Blood was collected prior to the challenge and then at 4, 6, and 24 hours afterwards. In addition, patient vital signs and reported outcomes were recorded hourly, and adverse events were tracked from day 1 to day 6.
At 4 hours after ingesting gluten, serum IL-2 and IL-8 were both significantly higher, compared with placebo.
“There was a 20-fold increase in IL-2 after gluten was consumed, between 3 and 5 hours afterwards,” said Dr. Anderson. “IL-8 went up but not as much.”
The median change from baseline for IL-2 after gluten intake was 19.5 ([7.0-47.1], vs. 0.7 [0.5-1.2] for placebo; P = .0001). For IL-8 it was 2.4 (1.2-4.9) vs. 1.1 (0.8-1.2) (P = .012).
Patient-reported outcomes were worse among those in the gluten group (7/12), compared with the placebo group (3/9), after 3 hours but did not reach statistical significance.
He added that his team is in the process of conducting a further study to assess the diagnostic utility of measuring cytokine activity.

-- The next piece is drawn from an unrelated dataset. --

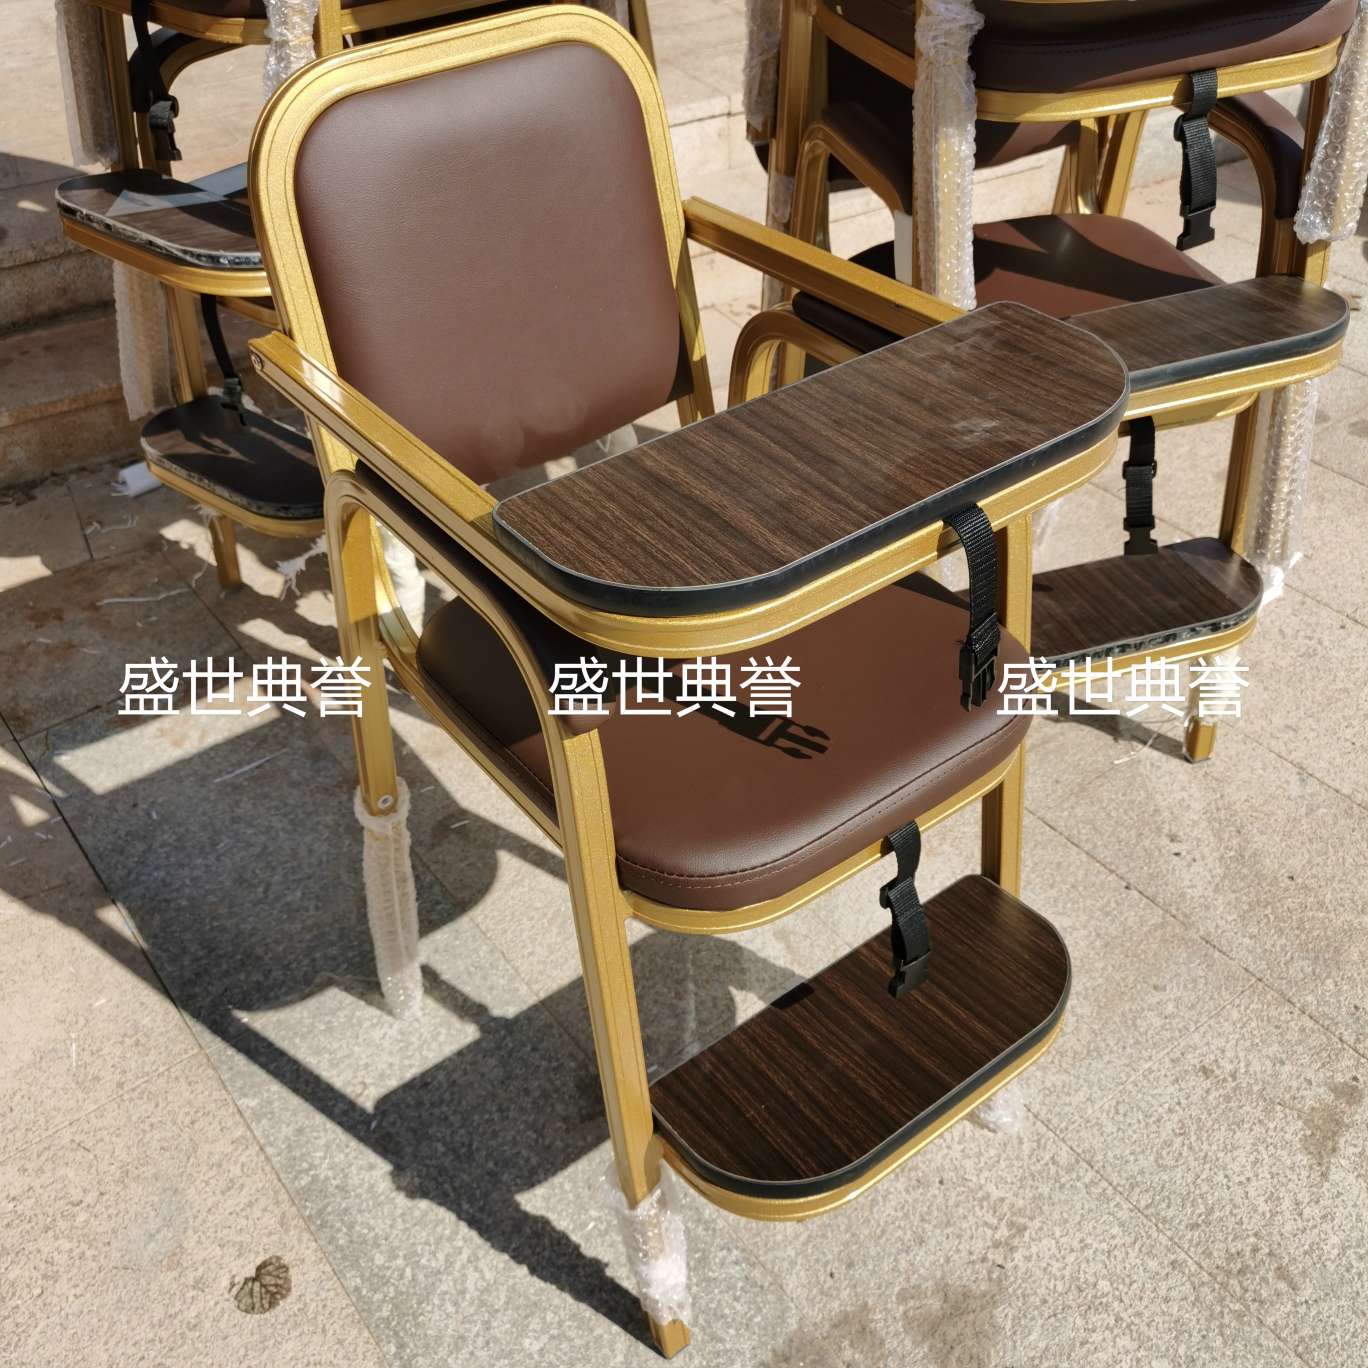 杭州国际宴会中心宝宝餐椅酒店宴会厅铝合金宝宝椅餐厅包厢儿童椅产品图

Digestive Disease Week® is jointly sponsored by the American Association for the Study of Liver Diseases (AASLD), the American Gastroenterological Association (AGA) Institute, the American Society for Gastrointestinal Endoscopy (ASGE), and the Society for Surgery of the Alimentary Tract (SSAT).
AT DDW
Key clinical point: Measuring serum cytokines can potentially be used to diagnose celiac disease after the patient has been on a gluten-free diet.
Major finding: There was a median 19.5-fold change from baseline for IL-2 after gluten intake (7.0-fold to 47.1-fold) and 24-fold for IL-8 (1.2-fold to 4.9-fold).
Data source: Randomized trial comprising 21 volunteers with celiac disease.
Disclosures: Dr. Anderson is employed by Immusant.